Pour une famille installée à Dakhla ou à Tata, chaque réglage suppose en temps normal un déplacement vers Rabat, avec son coût et son organisation. La fondation a présenté le dispositif ConnectCare, qui permet d’effectuer certains réglages à distance, en temps réel, via une connexion sécurisée. Un enfant implanté dans le Souss ou dans les provinces du Sud peut ainsi bénéficier d’un suivi sans déplacement systématique vers la capitale. La Fondation a également développé une application d’orthophonie à distance, placée sous la direction de Aouatif Hayar, ingénieure au sein de l’institution, destinée à permettre la poursuite des séances de rééducation avec davantage de régularité entre deux visites.

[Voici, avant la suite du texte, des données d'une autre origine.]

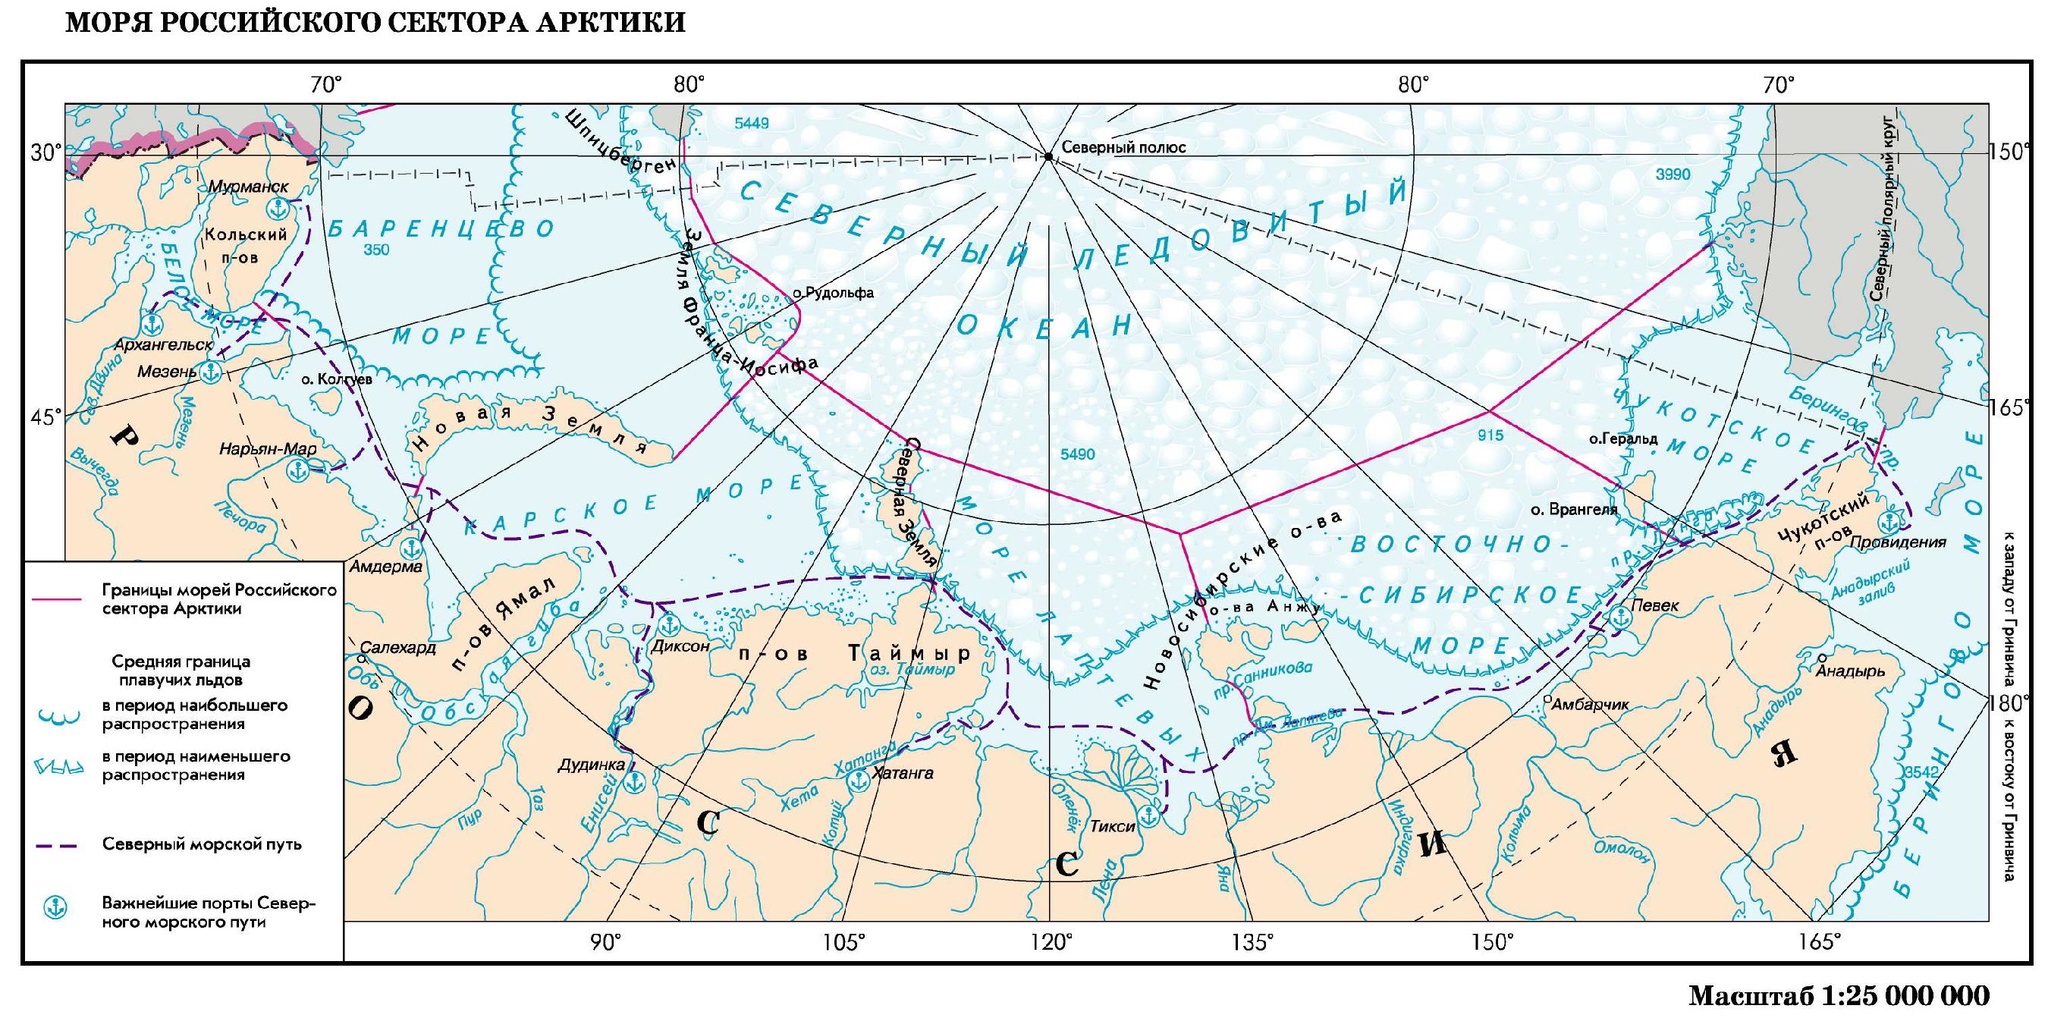 Бассейн океана баренцево. Северный морской путь на карте границы РФ. Арктика Северный морской путь на карте. Граница российского сектора Арктики. Морская граница России в Северном Ледовитом океане на карте.
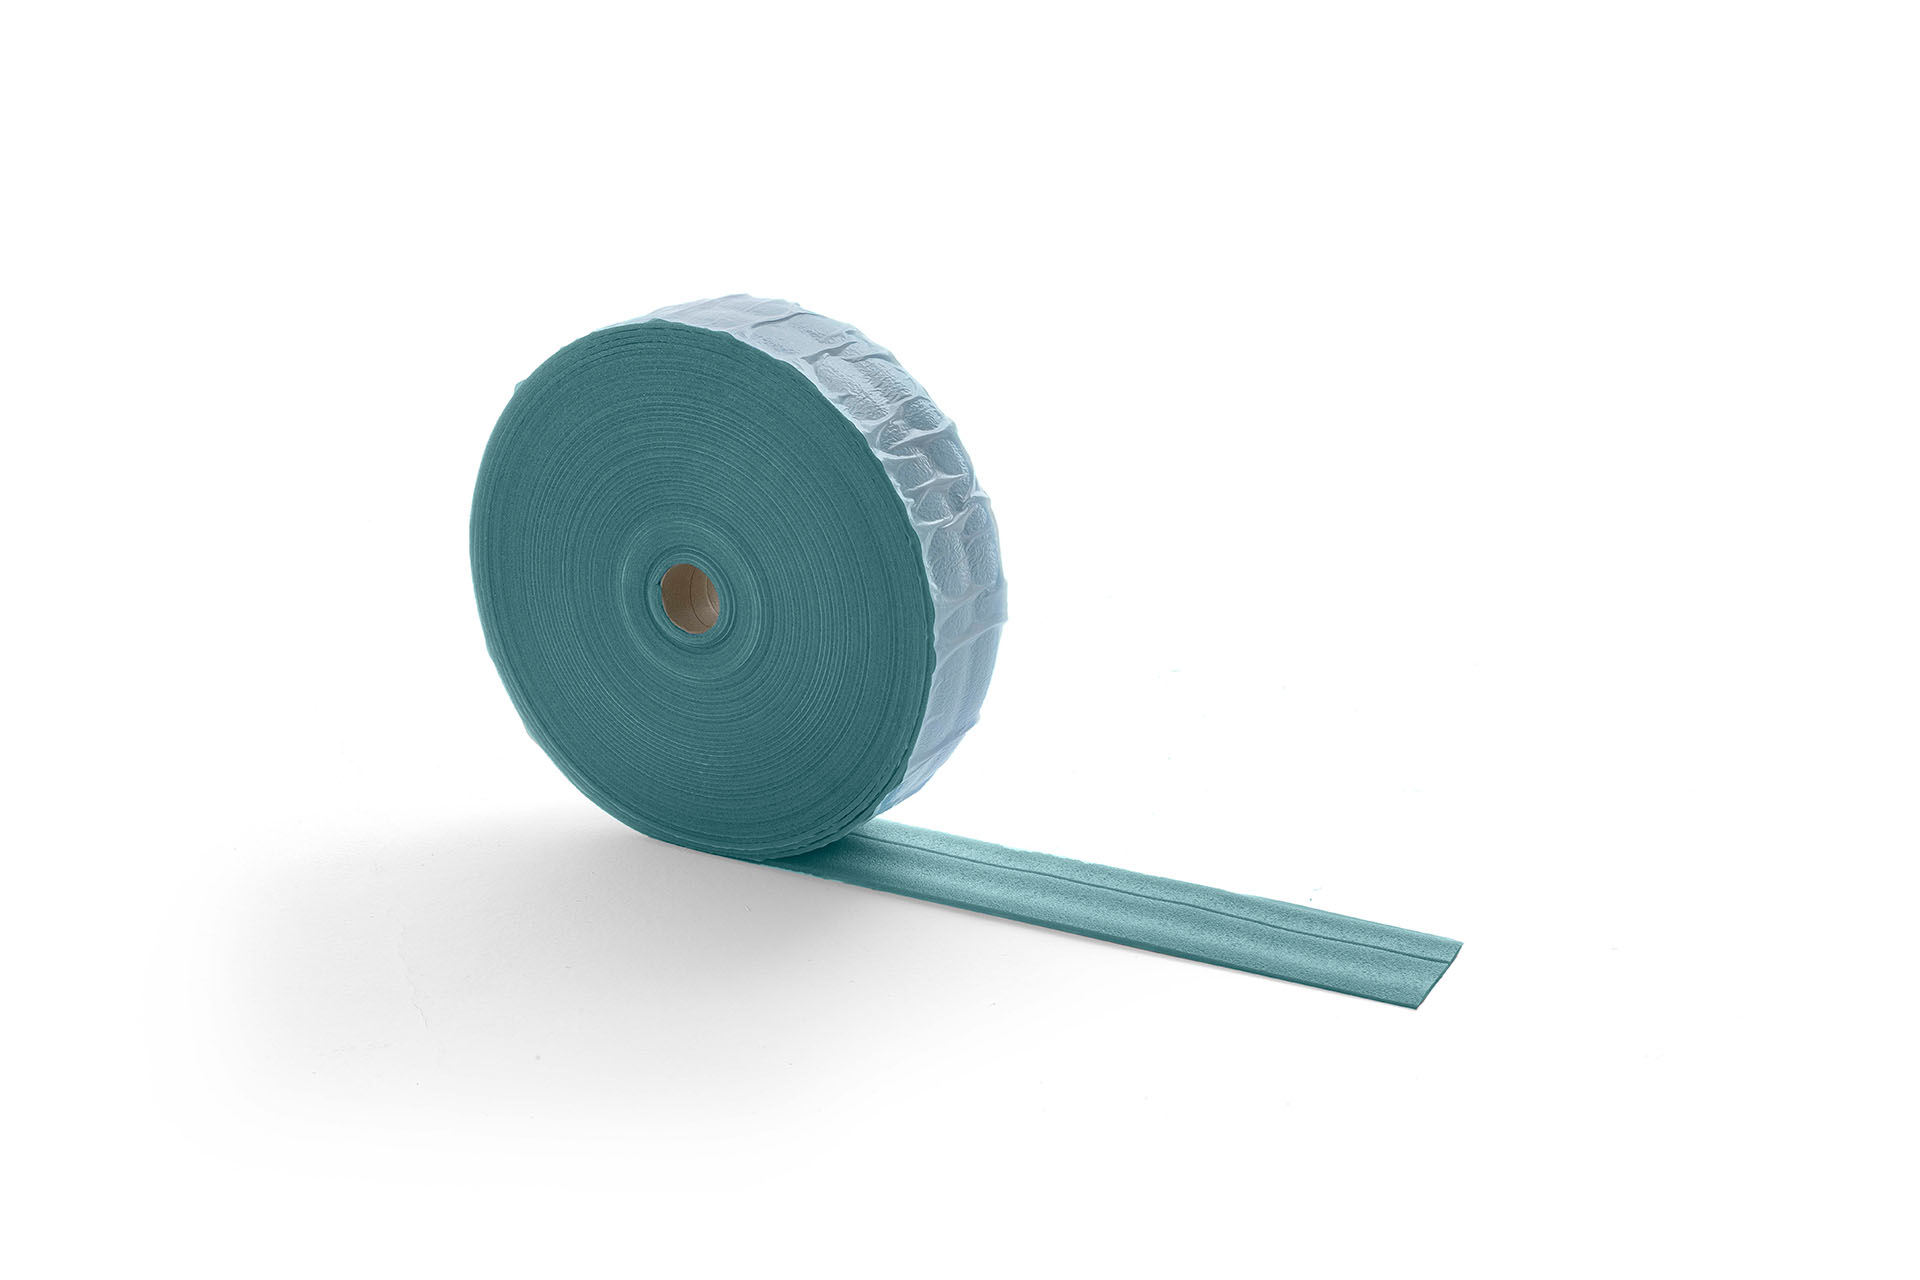 Self-adhesive insulating perimeter band

Les autres annonces de la journée
Le 16 juin a aussi été marqué par plusieurs annonces institutionnelles, en marge du Patient Day. La Princesse Lalla Asmaa a procédé au lancement du programme «La prothèse auditive pour tous», destiné aux Marocains en situation de précarité, sans condition d’âge. Un dispositif qui élargit l’action de la Fondation, jusque-là centrée sur l’implant cochléaire, à l’ensemble des formes de surdité traitables par une prothèse classique.
Trois conventions de coopération ont par ailleurs été signées: avec le ministère de la Solidarité, de l’Insertion sociale et de la Famille, représenté par sa ministre Naima Ben Yahia; avec la Fondation Mohammed VI de promotion des œuvres sociales de l’Éducation-Formation, représentée par son président Youssef El Bakkali; avec les Groupements sanitaires territoriaux de Tanger, de Rabat et de Casablanca, représentés respectivement par Younes Aggouri, Brahim Lakhal et Hicham Affif. La clé du futur site de l’université de la Fondation Lalla Asmaa a également été remise par le directeur délégué de la Fondation Mohammed VI des Sciences et de la Santé, tandis que le projet de statuts de cet établissement a été transmis par le ministre de l’Enseignement supérieur.
Ce dispositif élargi est financé par la Fondation dans le cadre de son programme Nasmaa, qui revendique au total l’implantation de 950 enfants marocains et de plus de 371 enfants dans 22 pays, via trois centres à Rabat, Tanger et Meknès.